(Problem to work on) Your task is to repeat exactly the lines below between the line holding "Texto básico: G." and the line holding "Осенние грибы — когда", inclusive, and only those.

(Recorded information)
--- START ---

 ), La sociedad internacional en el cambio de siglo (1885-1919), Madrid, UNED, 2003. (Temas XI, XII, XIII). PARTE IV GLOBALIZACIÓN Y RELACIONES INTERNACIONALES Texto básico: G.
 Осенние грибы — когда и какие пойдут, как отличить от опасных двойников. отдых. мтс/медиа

--- END ---
--- START ---

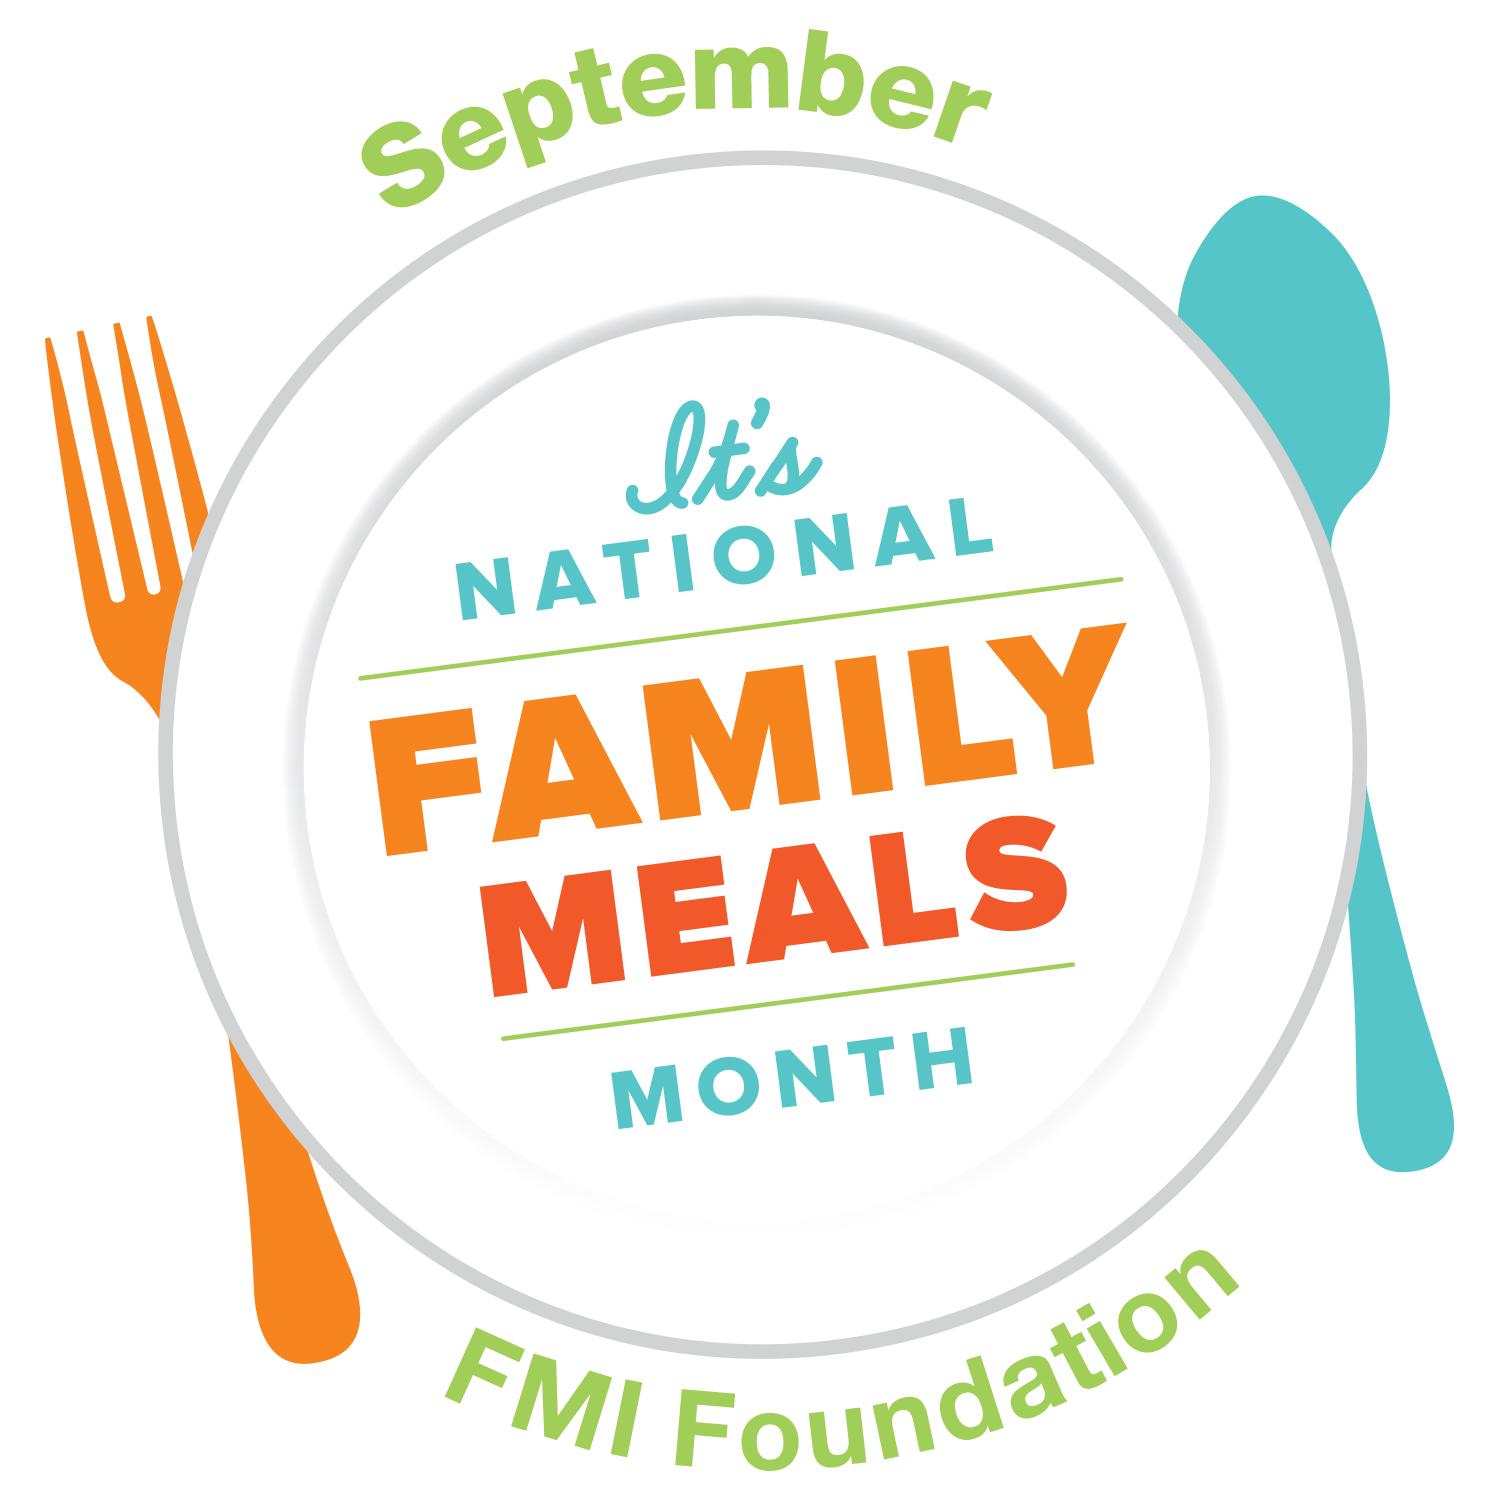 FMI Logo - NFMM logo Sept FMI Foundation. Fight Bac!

--- END ---
--- START ---

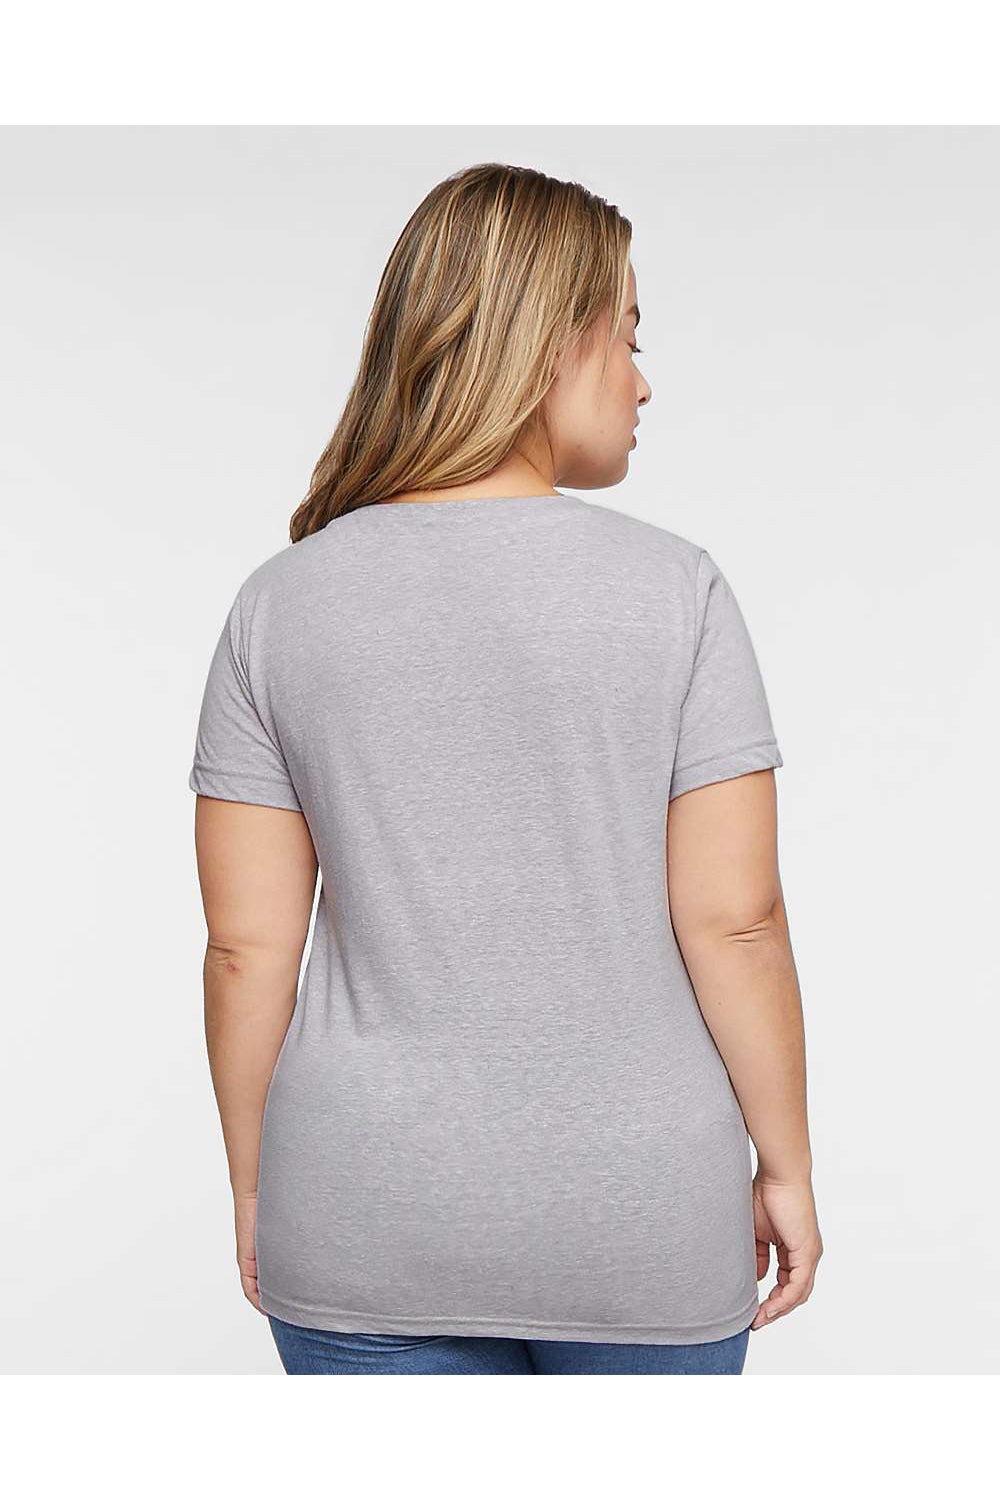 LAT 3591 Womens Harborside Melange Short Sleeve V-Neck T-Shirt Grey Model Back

--- END ---

(Answer to this problem)
 ), La sociedad internacional en el cambio de siglo (1885-1919), Madrid, UNED, 2003. (Temas XI, XII, XIII). PARTE IV GLOBALIZACIÓN Y RELACIONES INTERNACIONALES Texto básico: G.
 Осенние грибы — когда и какие пойдут, как отличить от опасных двойников. отдых. мтс/медиа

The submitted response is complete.